The Gigatron TTL-Logic Home Computer Gets an Apple I Clone Mode — with No Microprocessor in Sight

A year of hacking has given the Gigatron the ability to act like an Apple I — despite having no microprocessor at all, let alone a 6502.

ghalfacree
almost 4 years ago HW101 / Retro Tech
The Gigatron TTL computer can now run Apple I code — including Microchess. (📷: Oscar Vermeulen)

Oscar Vermeulen has written up a successful project to turn the Gigatron, a microcomputer built from just 37 7400-series TTL chips and with no microprocessor in sight, into a functional clone of the original Apple I — despite not having a MOS Technologies 6502 on the board.

Launched two years ago, Marcel van Kervinck and Walter Belgers' Gigatron TTL Color Computer - to give the board its full name — is a "what if" project to investigate the creation of an '80s-style home computer using only discrete logic. There's no microprocessor on board; instead, everything is done in 37 7400-series TTL chips — giving its central processing unit total of 930 logic gates.

"As it turns out, for me as a kid of the 80s, the Gigatron compares roughly to a VIC-20 in terms of performance and graphics. It is, in fact, quite a bit better," Vermeulen explains. "Which is impossible. If you could make something like a VIC-20 using 1971 technology, without a microprocessor, without a graphics chip, on a circuit board half the size, then - then - then - this is a revolution, a work of genius that just happened not to have happened back in the day. And now you finally get the Gigatron's achievement! This is, indeed, insane."

The Apple I mode is accessible from the GIgatron ROM. (📷: Oscar Vermeulen)

While the Gigatron is designed to run specially-written software, an effort has been completed to turn it into a clone of Steve Wozniak's Apple I design — a project which should, in theory, have been impossible, given that in direct-comparative terms the MOS Technologies 6502 microprocessor at its heart is roughly twice as complex as the TTL chips on the Gigatron.

The secret sauce: Microcode, which sits between the machine's actual eight instructions and the user-facing and considerably larger instruction set. "Could the microcode also contain a 6502-compatible instruction set?
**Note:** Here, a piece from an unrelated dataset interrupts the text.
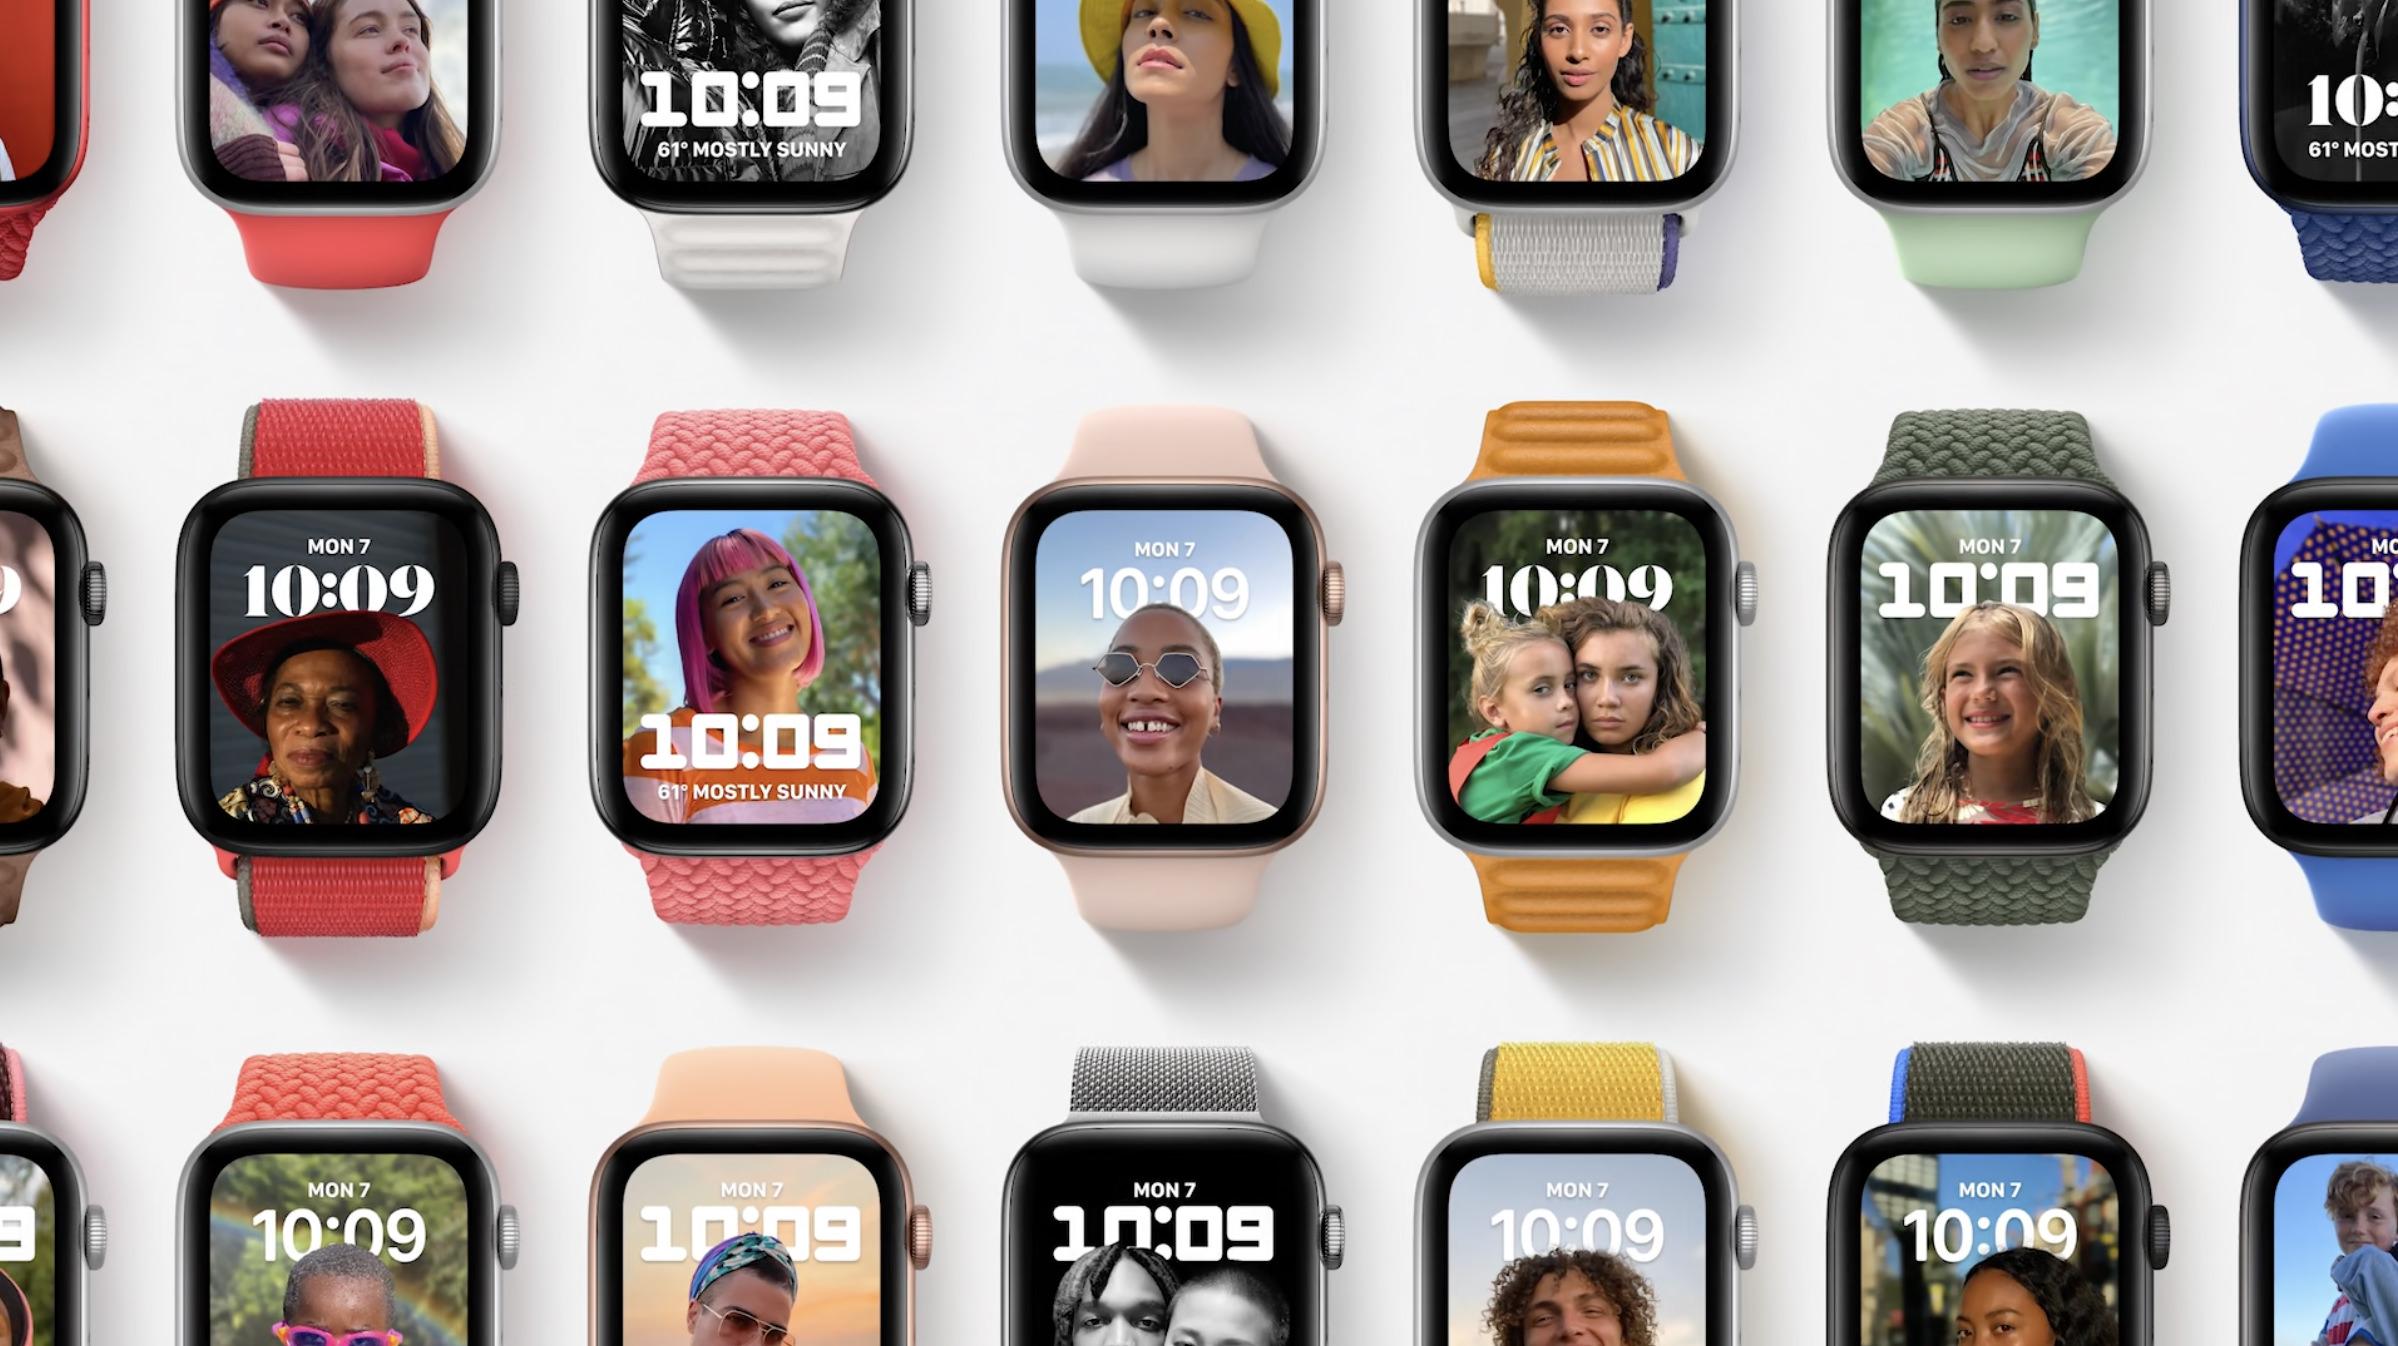 WWDC21 Keynote 4289

That would prove that a 6502-compatible system could be done with much, much less hardware, even back in the 70s," Vermeulen writes. "Short answer: yes. In fact, you can make it into an entire Apple I clone without the use of a 6502.

The kit-form Gigatron uses 1970s technology to beat 1980s microcomputers at their own game. (📷: Oscar Vermeulen)

"Marcel wrote the Gigatron's 6502 microcode quickly (no bugs detected so far) but wrapping the Apple I around it took about a year. The machine has become dual-core: You either use its colourful native vCPU microcode to embarrass 1980s home computers, or you boot it into 6502/Apple-1 mode to demonstrate how a compatible Apple I including all its display hardware can be done in only 930 logic gates."

Vermeulen's full write-up, including a tour of the 6502/Apple I replica functionality, is available on the Obsolescence Guaranteed blog; more information on the Gigatron itself can be found on the official website, where the machine can be purchased in kit form for €159 (around $172.)